In 2017, the Overseas Investment Office (OIO) approved foreign investment totalling $5.3 billion. The average for the decade 2008-2017 was $7.0 billion. Of the $5.3 billion in 2017, $4.2 billion was sales from one overseas company to another (all but $1.8 billion was sales from one to another on average over the decade). Only company takeovers involving $100 million or more need OIO approval, except those involving land or fishing quotas. For private Australian investors the threshold was $501 million in 2017, and is adjusted upwards each year for inflation. Until 1999, the threshold was $10 million, it then became $50 million, and from August 2005 the government increased it to $100 million.
Overseas Investment Commission and Overseas Investment Office.
Threshold for Australian Investments: see
https://www.gazette.govt.nz/notice/id/2016-go6107
and
https://www.gazette.govt.nz/notice/id/2017-go5171
Note that the OIO suppresses some values. In 2017 it suppressed a dollar value in July 2017 for one approval which caused totals for the rest of the year also to be suppressed. The total dollar values given here are estimated by replacing that one approval by the minimum $100 million threshold. It is therefore an underestimate.
In 2017, the OIO approved the sale of 25,696 hectares of freehold rural land and 47,679 hectares of leases and other interests in land to foreigners. This is the lowest area of freehold land since 2003 when 17,259 hectares were approved for sale and well below the average for the decade 2008-2017 of 124,631 hectares. However the level of sale of leases and other interests in land is close to the average for the decade of 46,516 hectares. About 8,000 hectares of the freehold land and 25,000 hectares of the leases and other interests in land were from one foreign investor to another. Statistics on sales of land to overseas interests are poorly recorded and incomplete. Our best estimate is that in 2011 at least 8.7 percent of New Zealand farmland including forestry, or 1.3 million hectares, was foreign-owned or controlled and it could have reached 10 percent.
Overseas Investment Commission and Overseas Investment Office.
"Overseas Ownership Of Land: Far Greater Than The 1% The PM Claims", by Bill Rosenberg (www.converge.org.nz)
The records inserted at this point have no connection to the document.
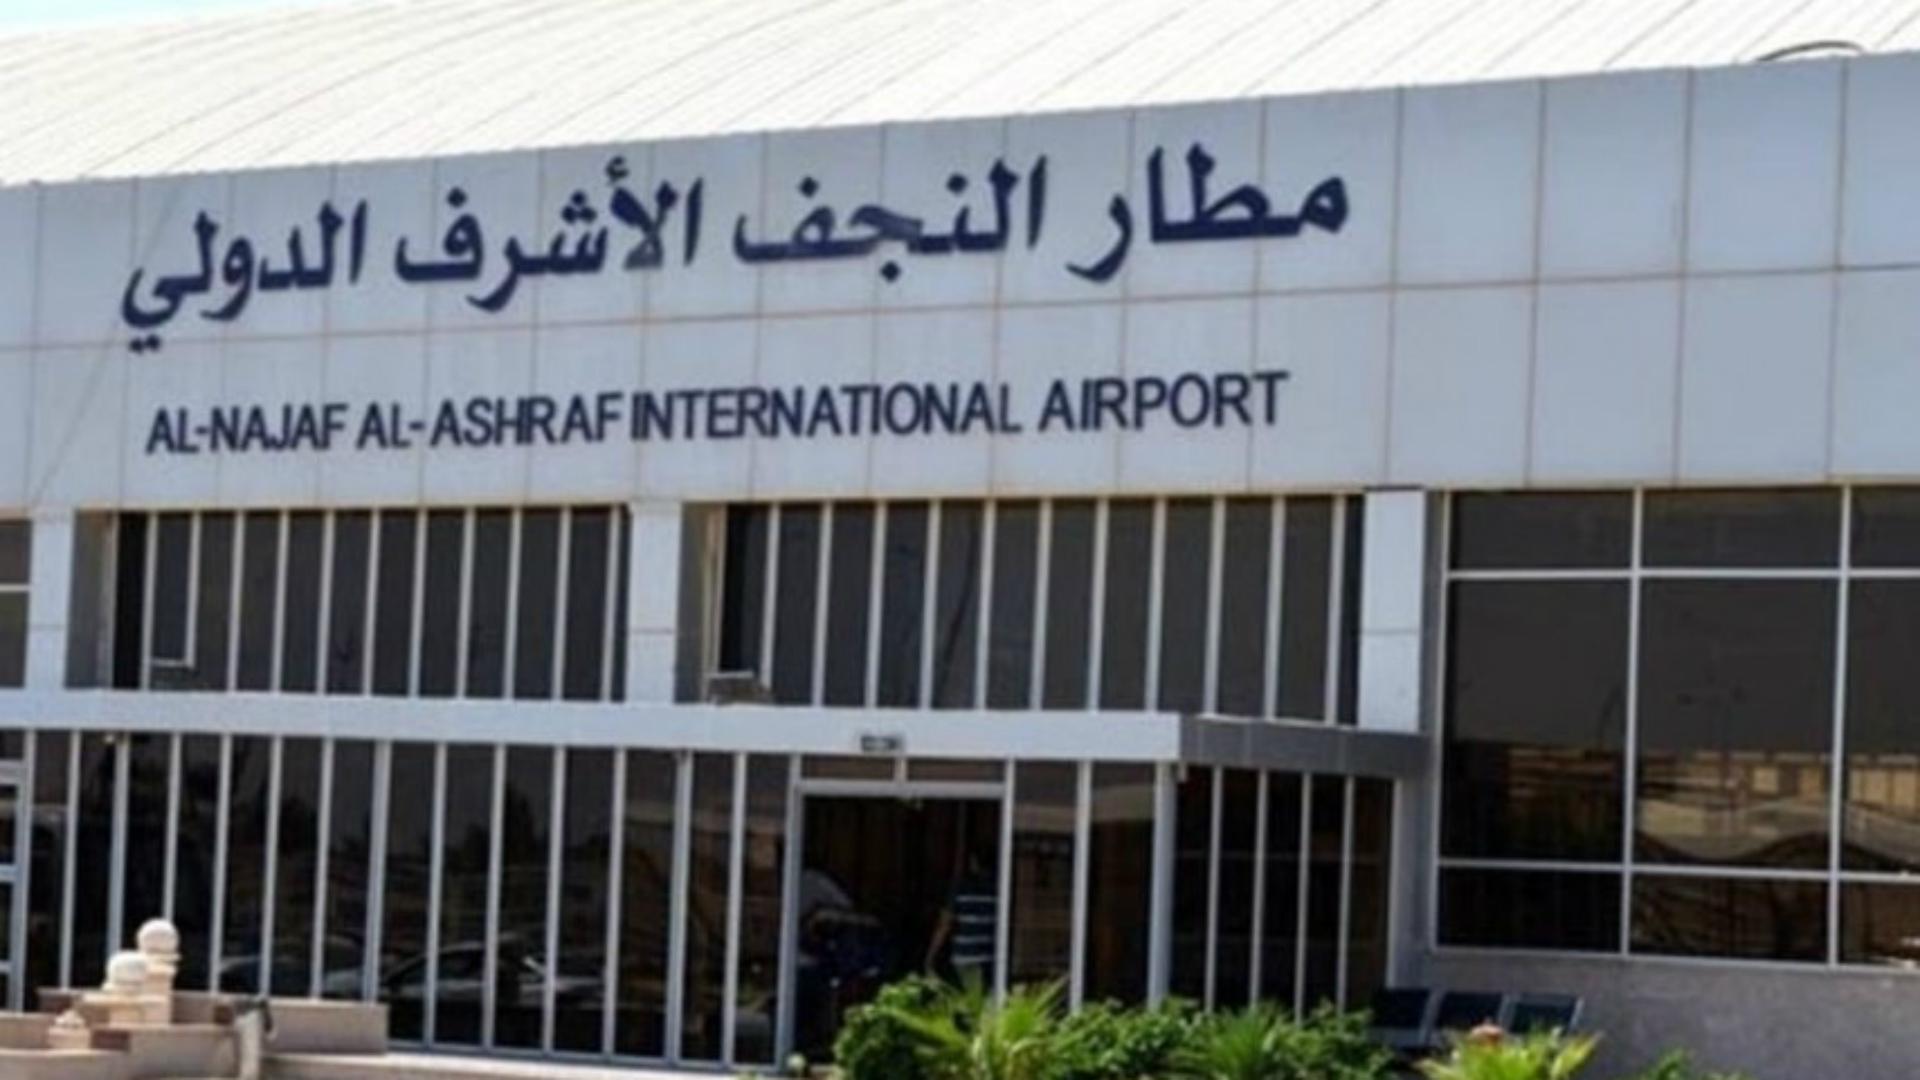 صدور مذكرة قبض ومنع سفر بحق مدير مطار النجف السابق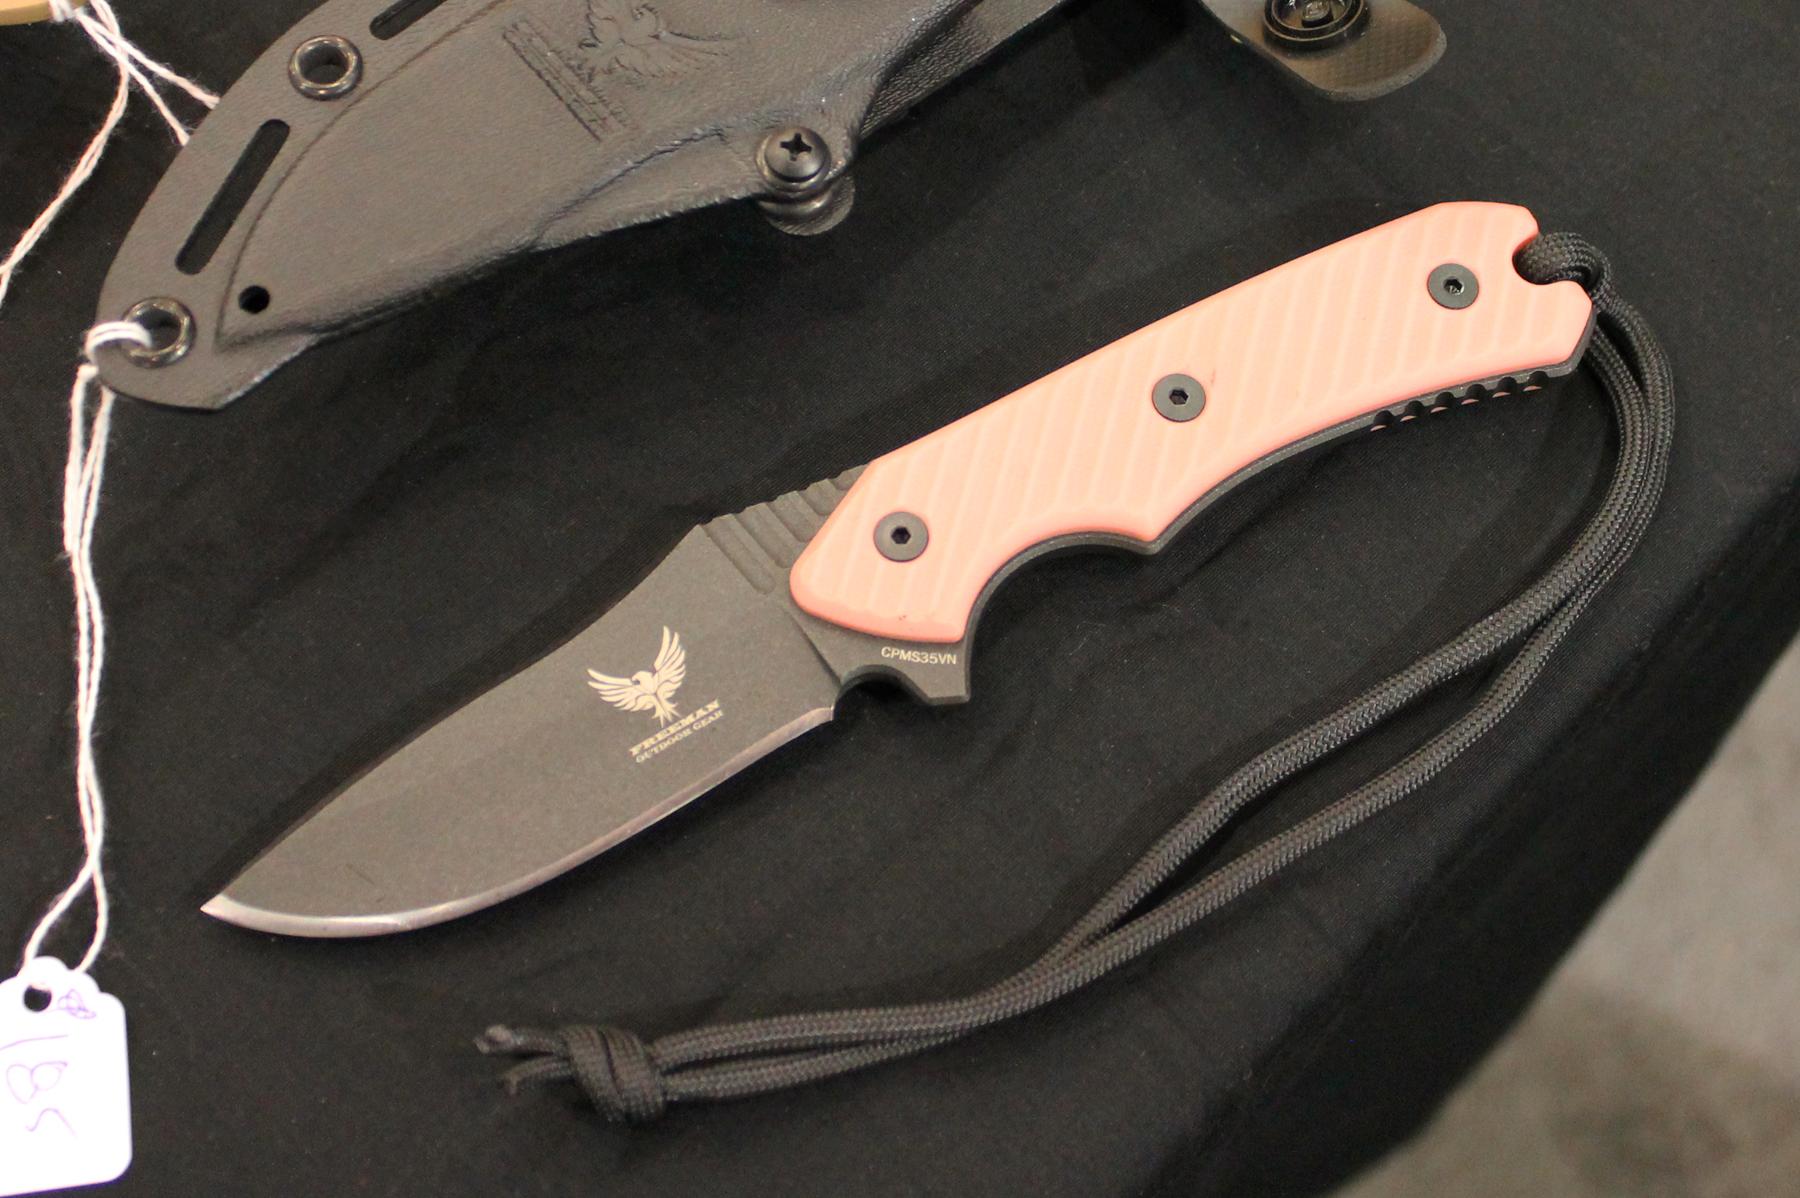 Freeman 451 Knife Pink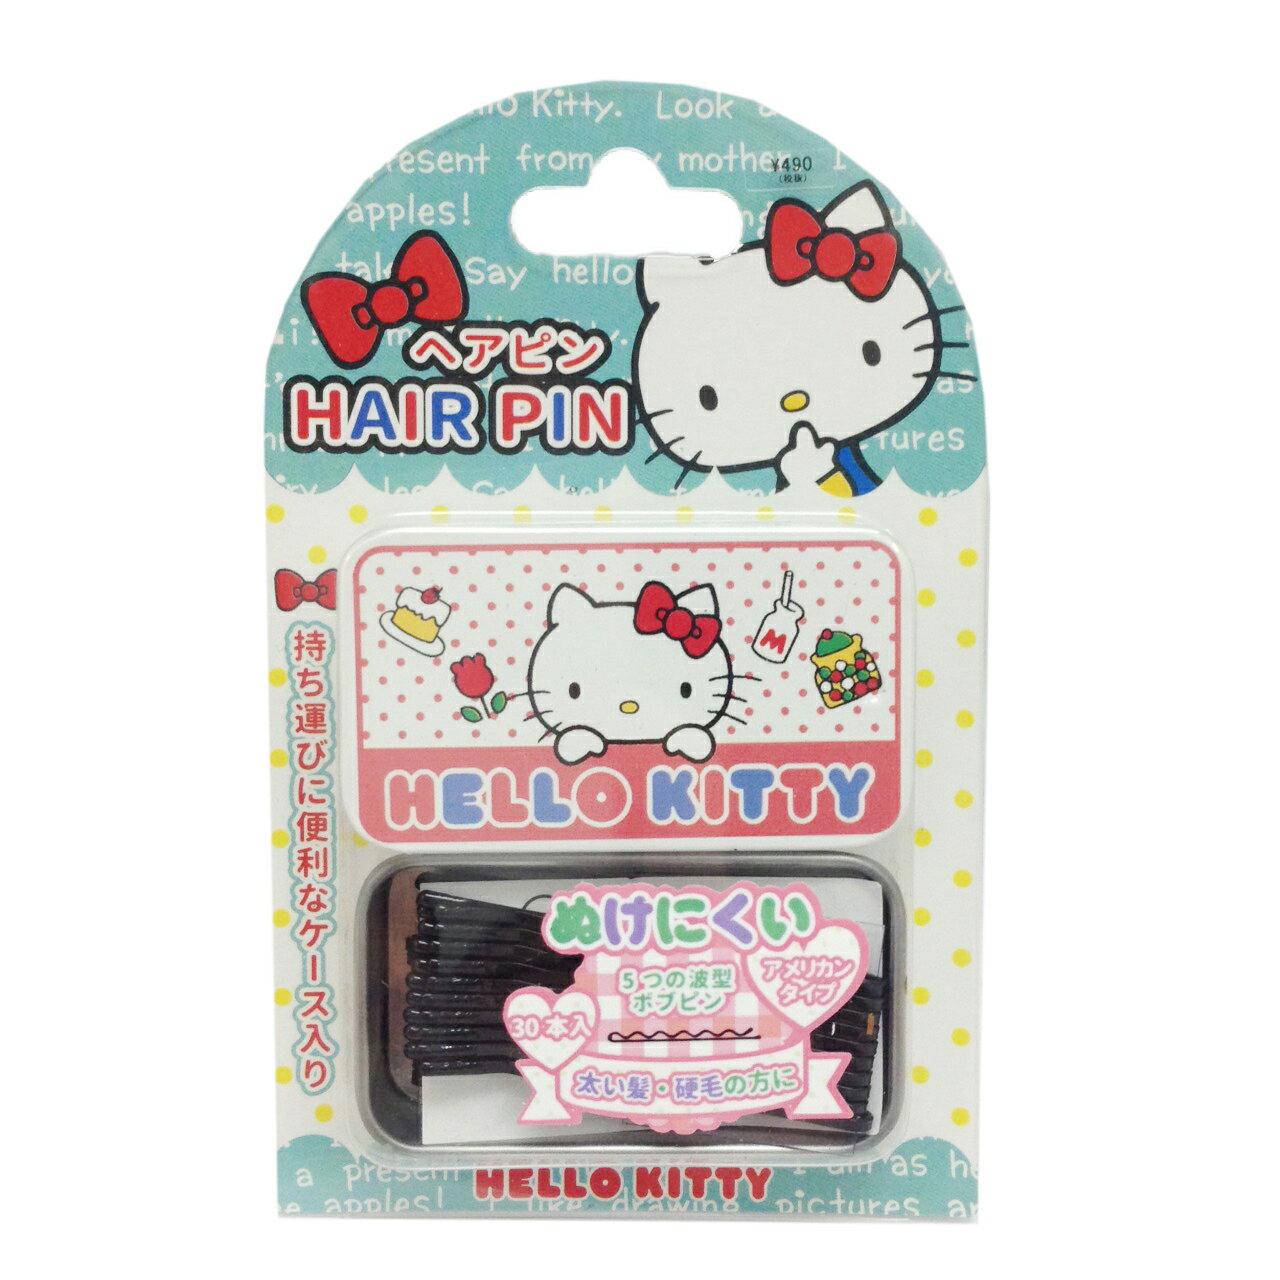 【真愛日本】17022700024抽拉小物髮夾收納盒-KT點心  三麗鷗 Hello Kitty 凱蒂貓 髮飾 飾品 正品 限量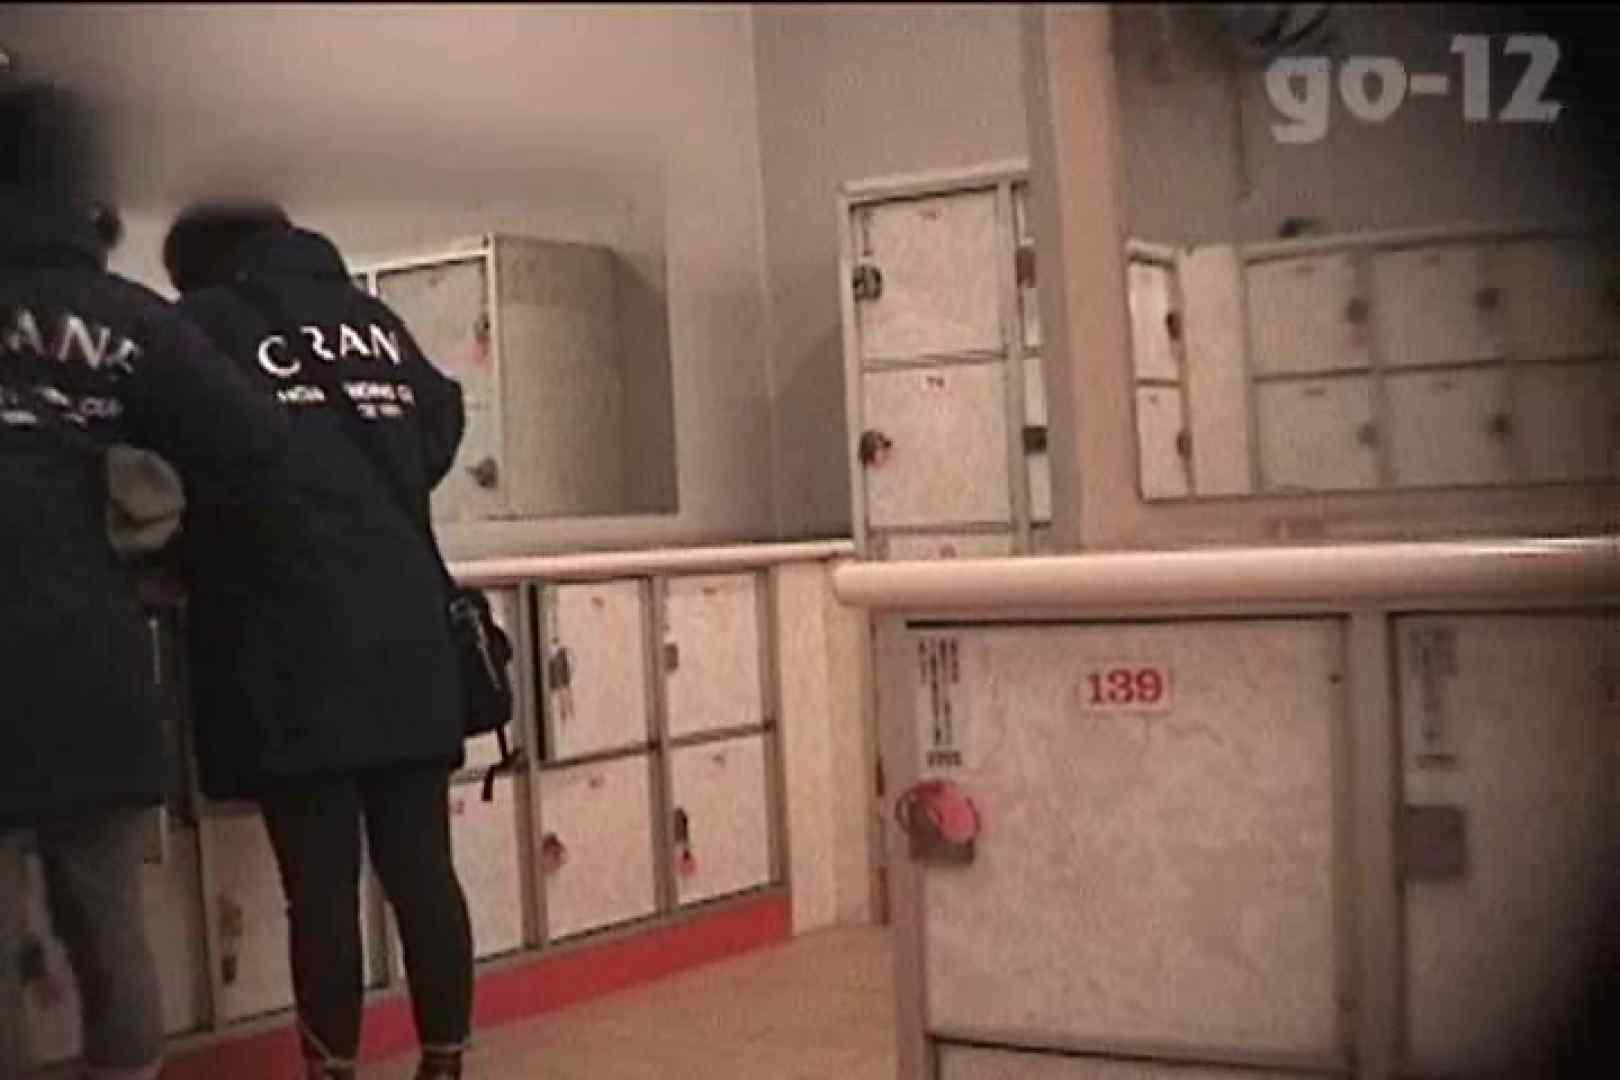 電波カメラ設置浴場からの防HAN映像 Vol.12 チラ見せ オマンコ無修正動画無料 82PIX 5

Statistics NZ figures, as of March 2017, list the biggest foreign owners of New Zealand companies as being from, in decreasing order: Australia, US, Hong Kong, UK, Japan, Singapore, Netherlands, British Virgin Islands, Canada, China, Cayman Islands, Switzerland, Belgium, Luxembourg and France (though the investments from some countries have been suppressed). All had over $100m in foreign direct investment in New Zealand. These accounted for 95% of foreign direct investment in New Zealand and Australia alone accounts for 51%. Luxembourg, British Virgin Islands and Cayman Islands are tax havens, and the Netherlands has been used to avoid tax. A Statistics New Zealand study showed that in 2010, large proportions of the foreign direct investment from the Netherlands, Singapore, Hong Kong and tax havens was in fact from other countries, led by the UK, US, Germany and Canada. In 2017, other tax havens with investments in New Zealand companies include Vanuatu, Channel Islands, Isle of Man, Bermuda and the Bahamas, but the value of their holdings has been suppressed as "confidential". Bermuda showed a negative investment in New Zealand companies between 2009 and 2011 and data released in 2015 showed it was negative up to 2015 (negative $1.8 billion in 2015), but all values since 2005 have now been suppressed. Germany has also showed negative investment since 2013 and Fiji (where the data has not been suppressed) since 2002. Ireland's ownership went negative in 2017 following steadily falling direct investment. Negative investment suggests that the companies may have been loaded with debt to their parents or are technically insolvent.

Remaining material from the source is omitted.